- [Provided records]
-----

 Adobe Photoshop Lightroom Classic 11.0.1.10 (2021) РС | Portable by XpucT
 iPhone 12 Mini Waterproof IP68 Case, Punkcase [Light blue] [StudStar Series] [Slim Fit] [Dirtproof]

-----

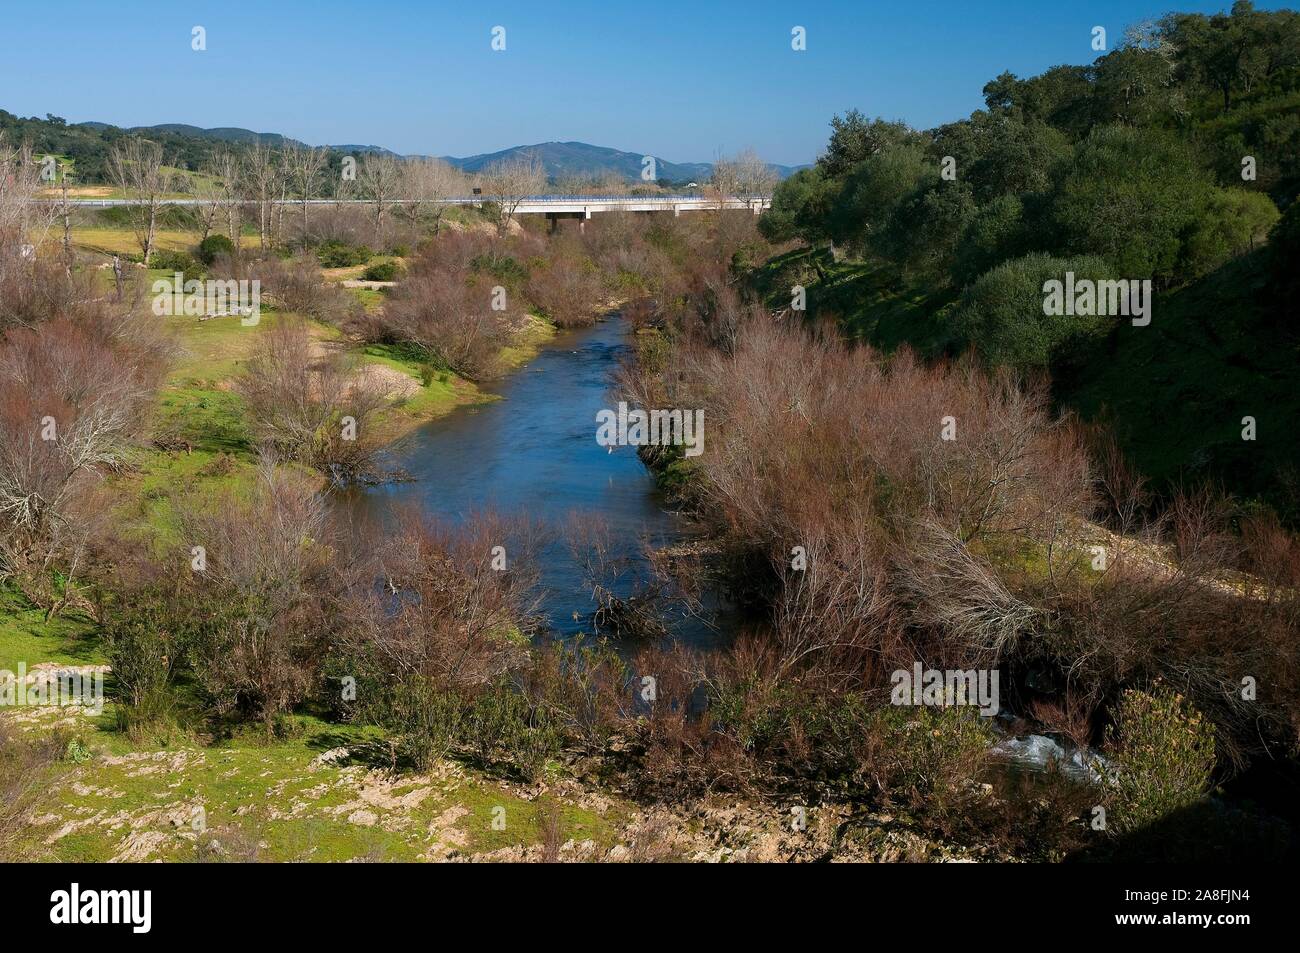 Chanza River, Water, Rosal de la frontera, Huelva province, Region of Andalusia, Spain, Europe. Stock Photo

-----

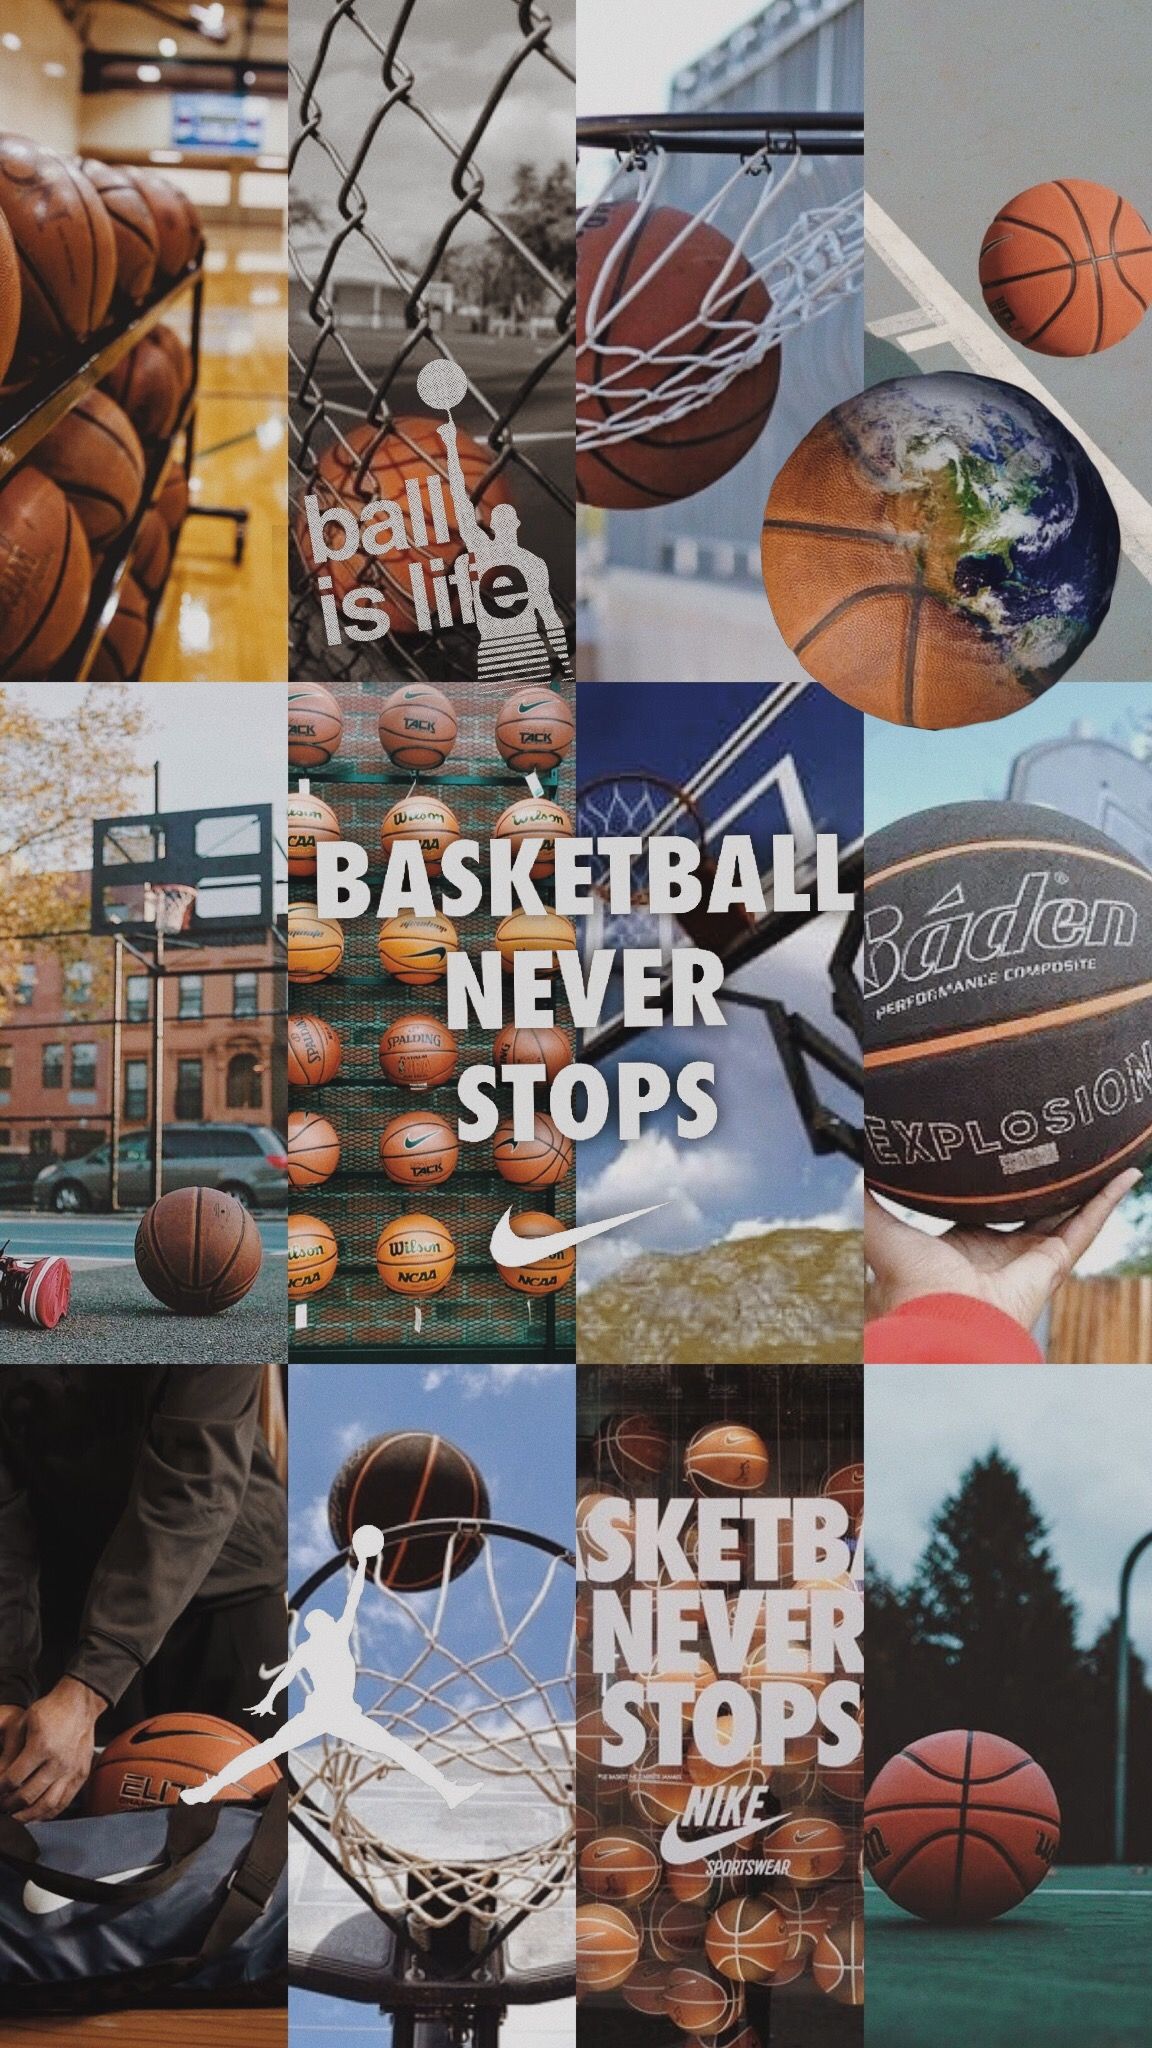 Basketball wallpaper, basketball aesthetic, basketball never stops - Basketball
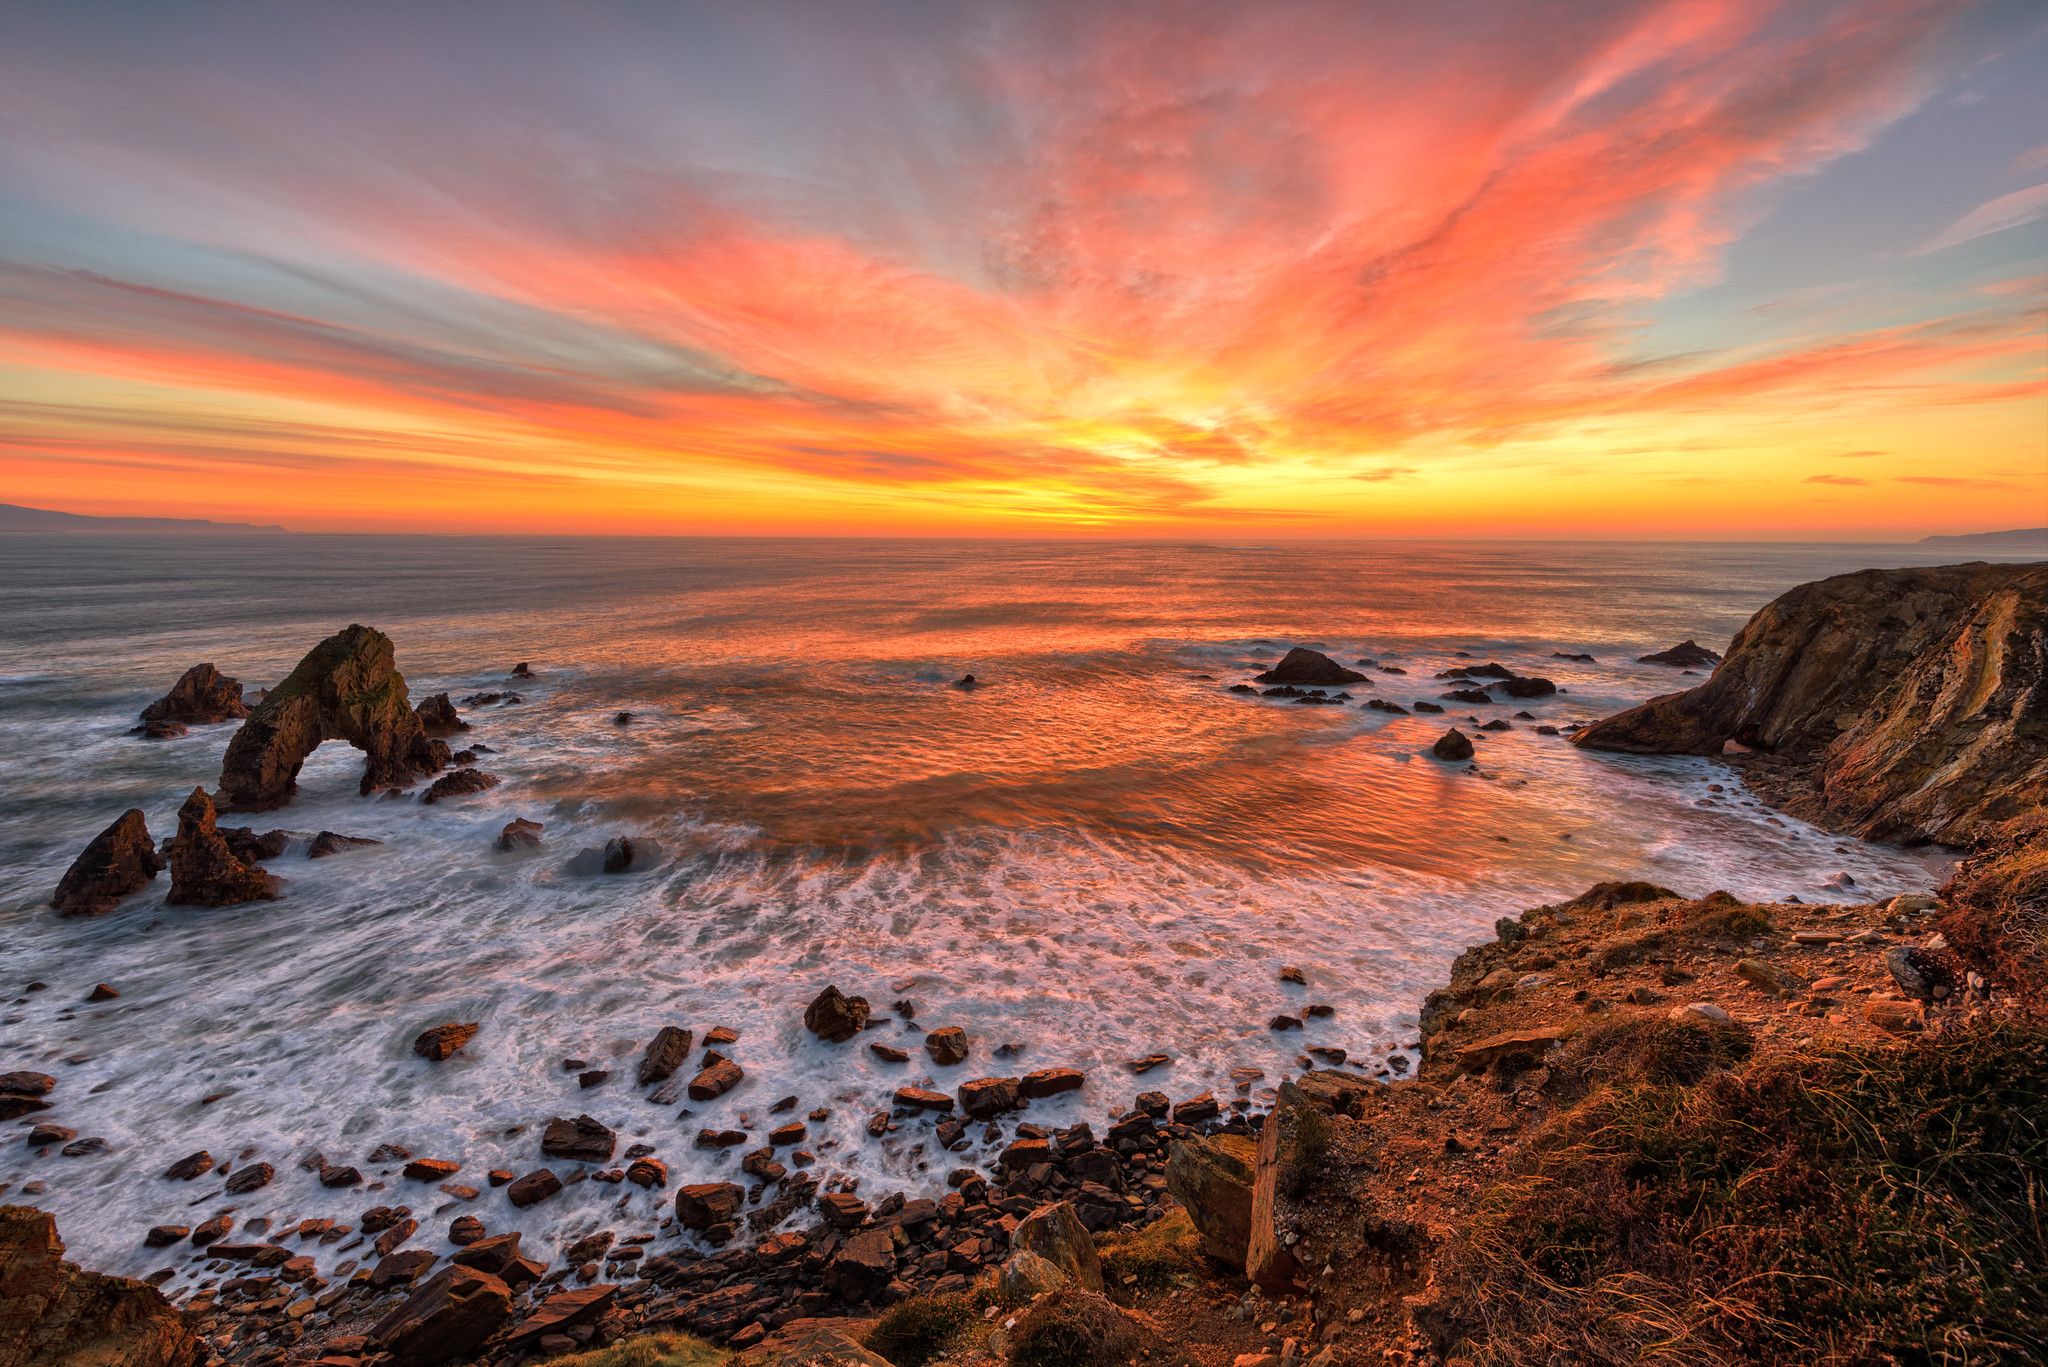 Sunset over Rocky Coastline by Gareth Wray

-----

- [What is needed]
Using the entries above, reproduce word for word only the lines from the one that contains "Basketball wallpaper, basketball" to the one that contains "Sunset over Rocky Coastline by Gareth Wray", both ends included, and drop every picture.

- [Response to the task]
 Basketball wallpaper, basketball aesthetic, basketball never stops - Basketball
 Sunset over Rocky Coastline by Gareth Wray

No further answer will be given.